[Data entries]
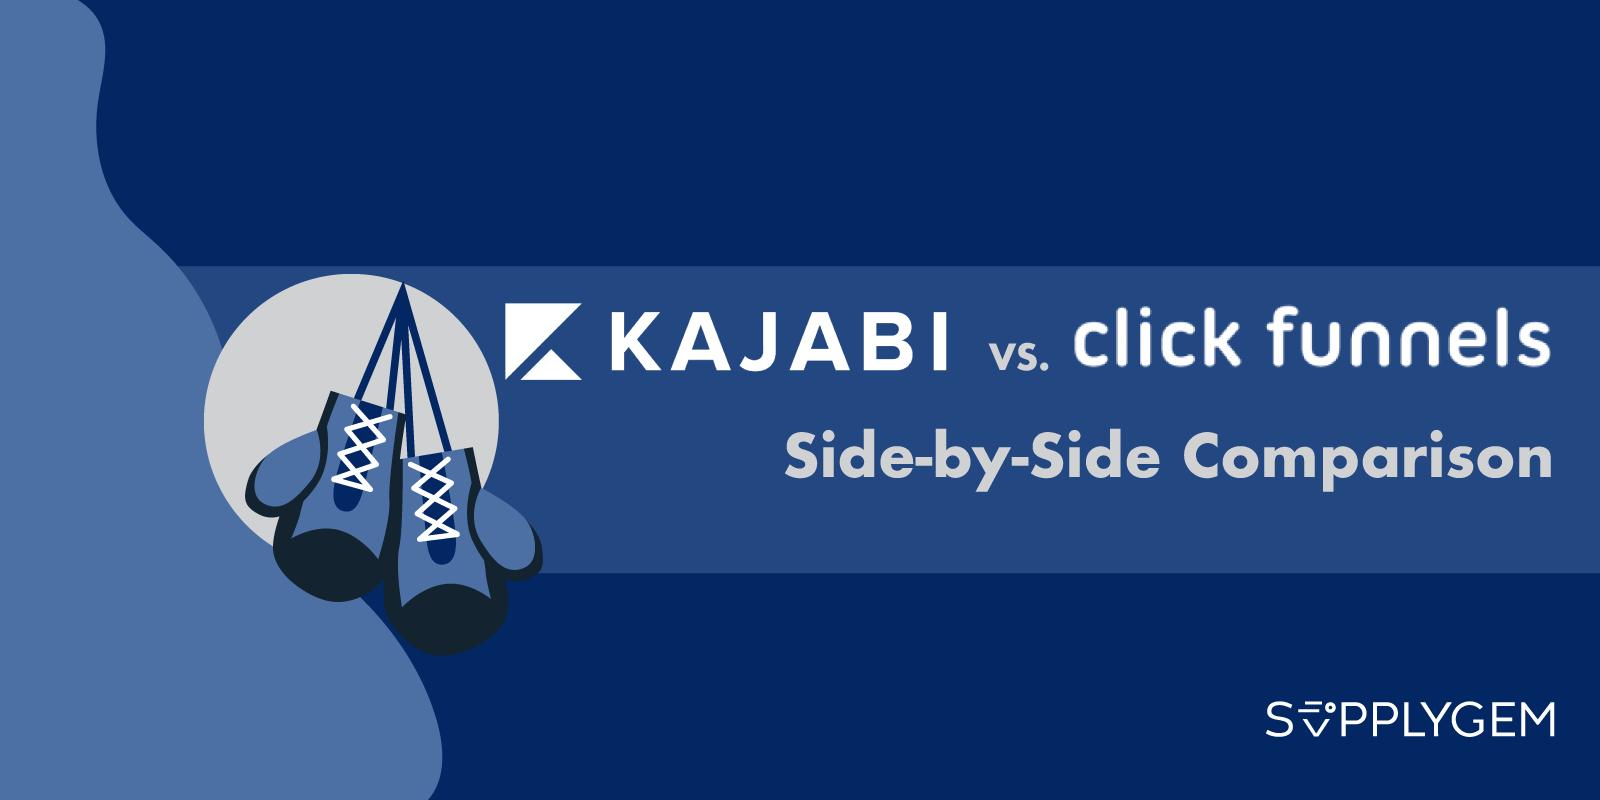 Kajabi vs. Clickfunnels
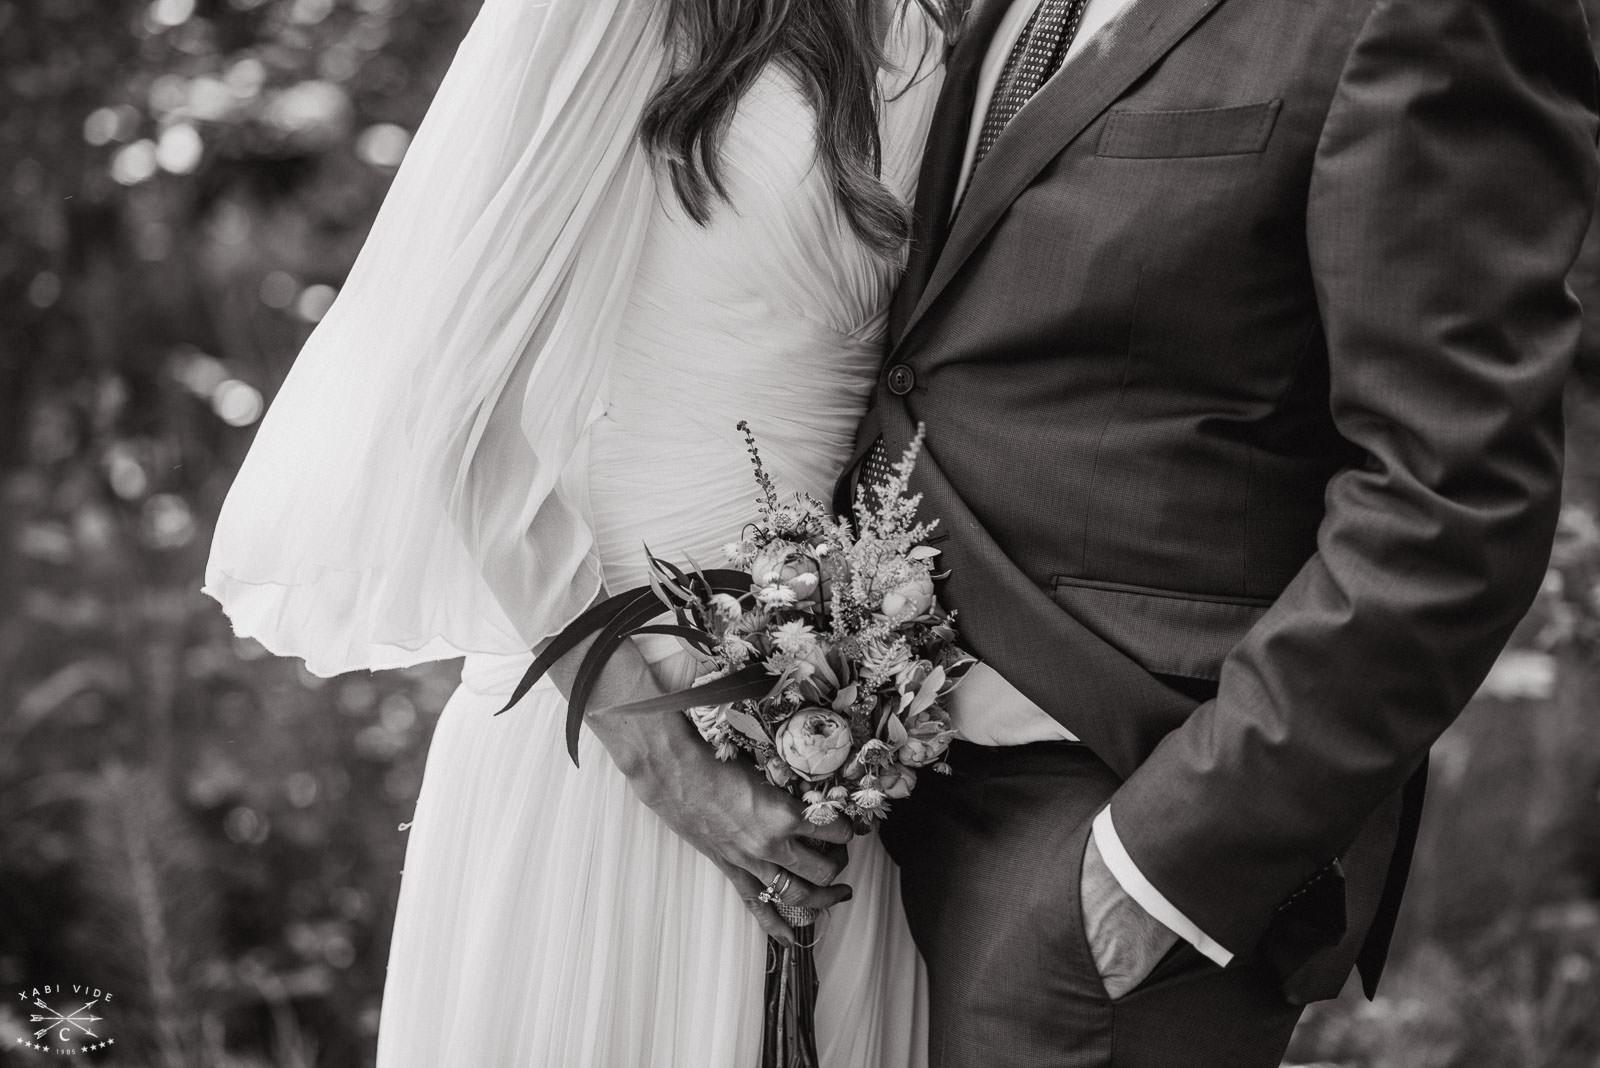 fotografo de bodas en bilbao-125.1
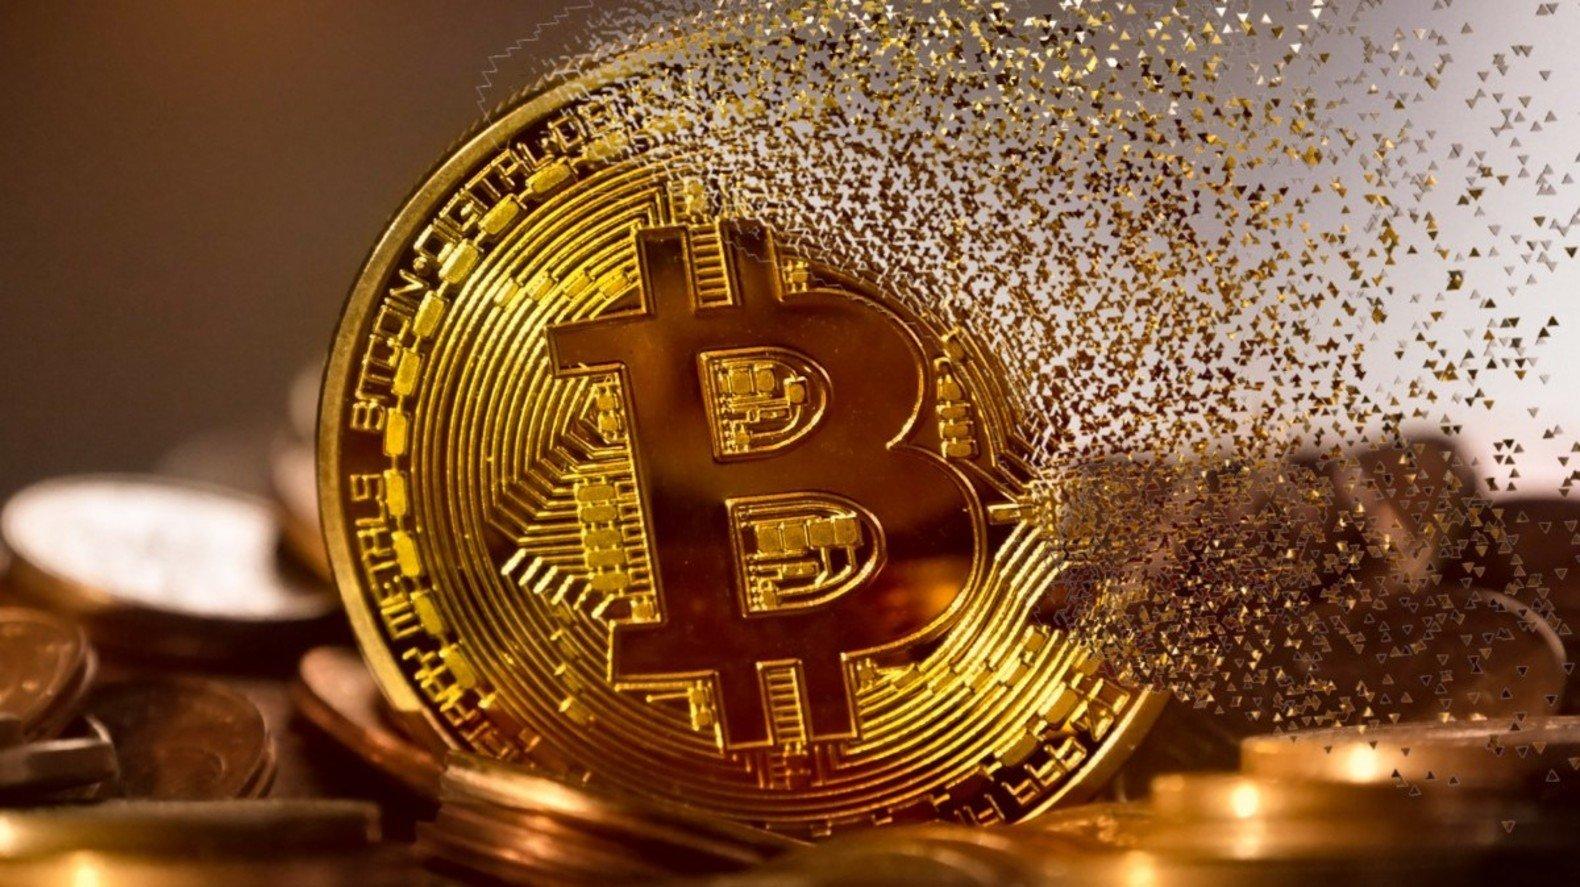 Bitcoin hesabının şifresini unuttu! Hatırlamazsa 220 milyon dolar çöp olacak
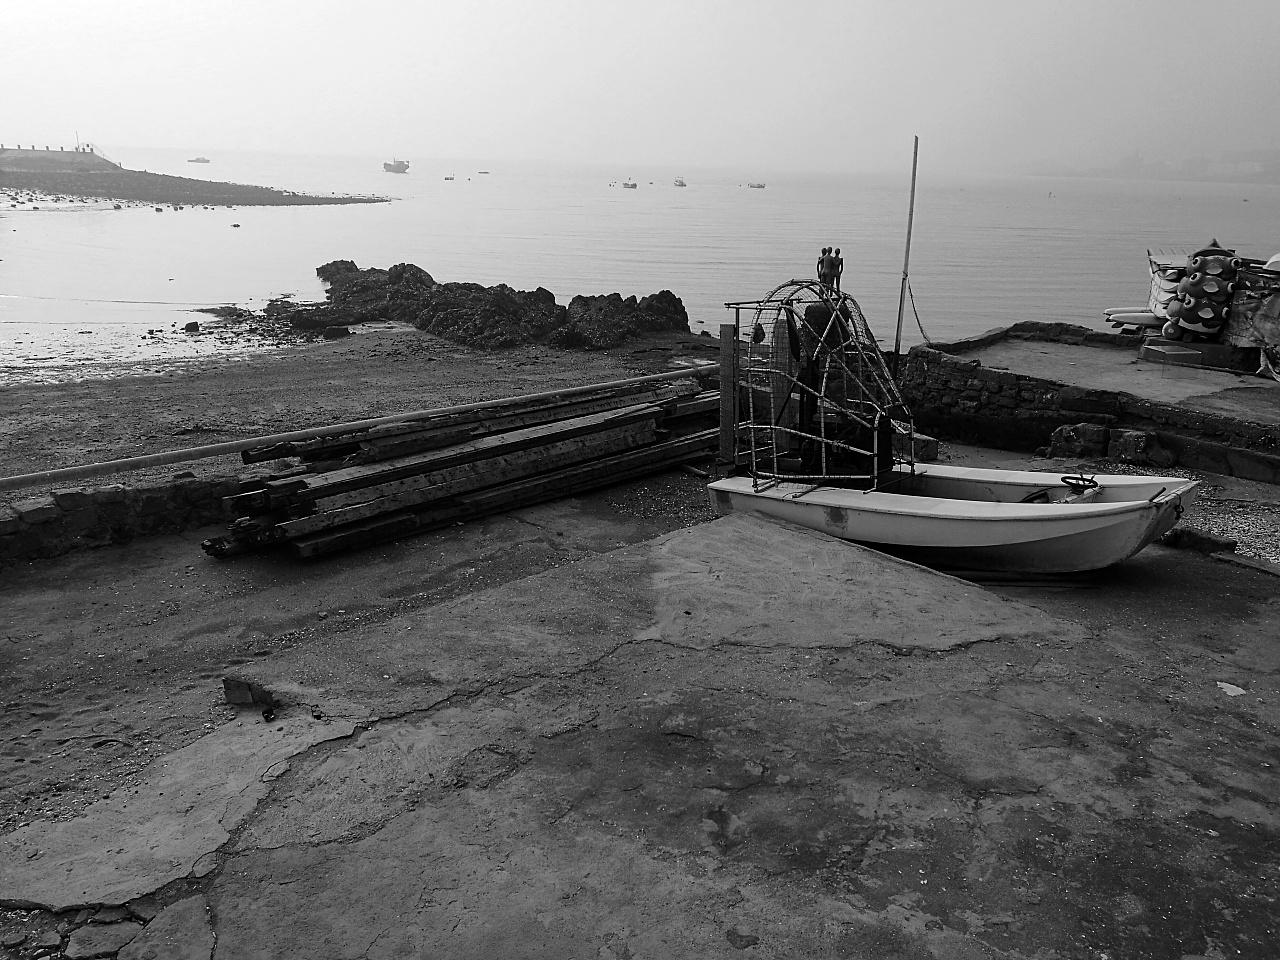 《你好》2017年01月01日14时 橙子 摄 每年到了2月份,整个青岛的海边
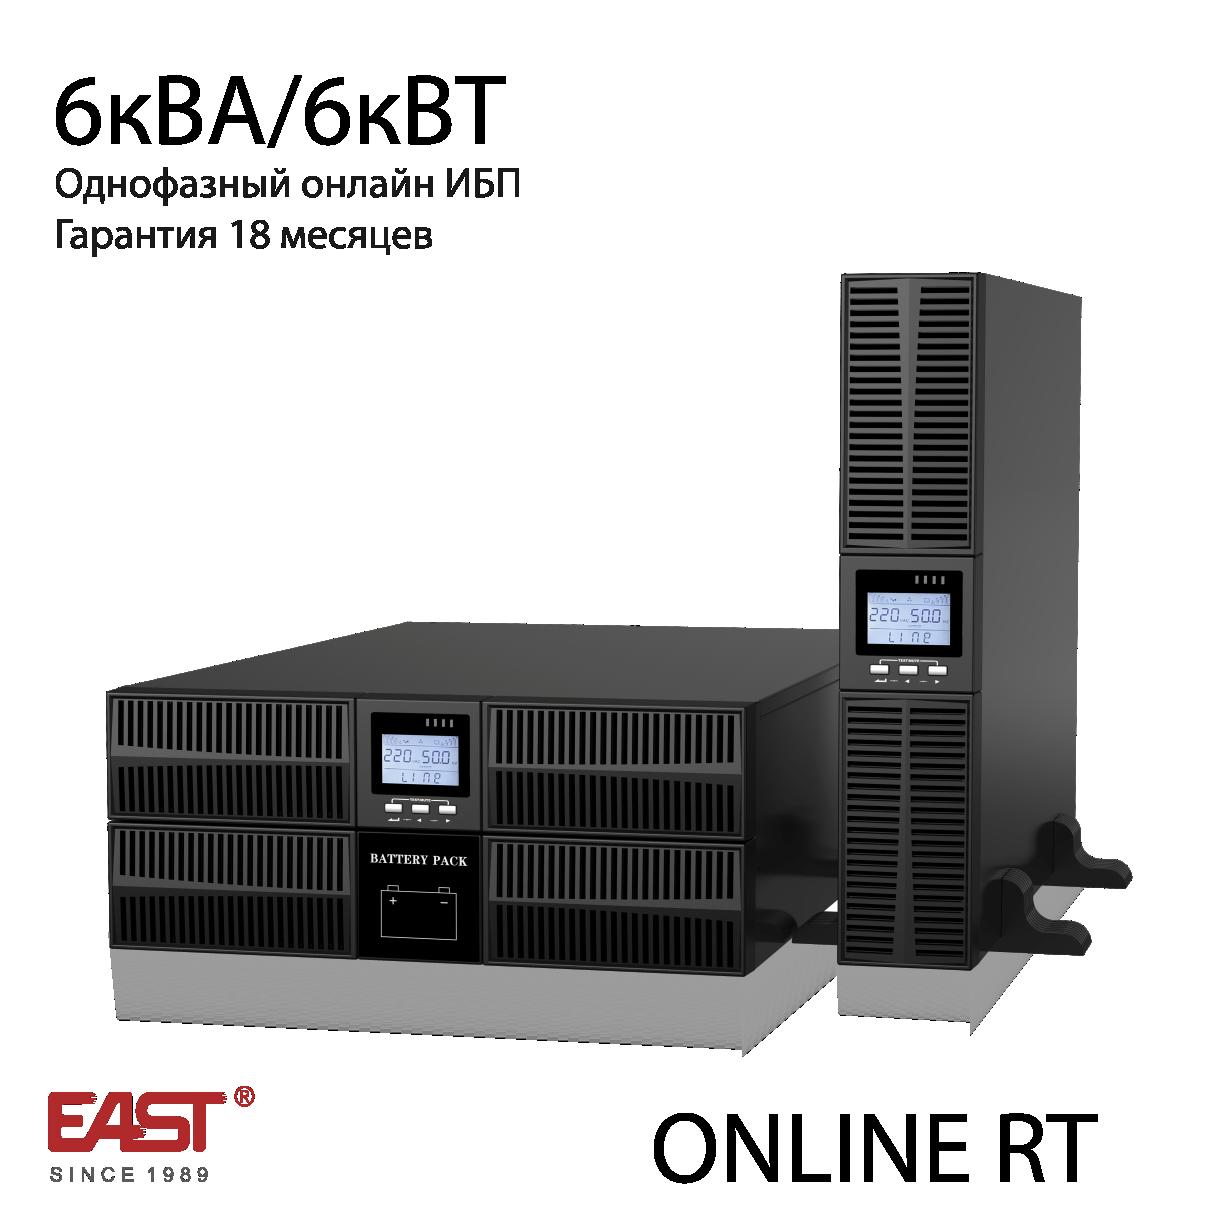 Источник бесперебойного питания, EA900 G4 RT, 6кВА/6кВт, в универсальном корпусе RT (башня/стойка)

▶ [What to do] Only the lines from the one containing "橙子 摄 每年到了2月份,整个青岛的海边" through the last line of the entries above, both included, belong in the answer, written out exactly; pictures do not.

▶ [Response]
 《你好》2017年01月01日14时 橙子 摄 每年到了2月份,整个青岛的海边
 Источник бесперебойного питания, EA900 G4 RT, 6кВА/6кВт, в универсальном корпусе RT (башня/стойка)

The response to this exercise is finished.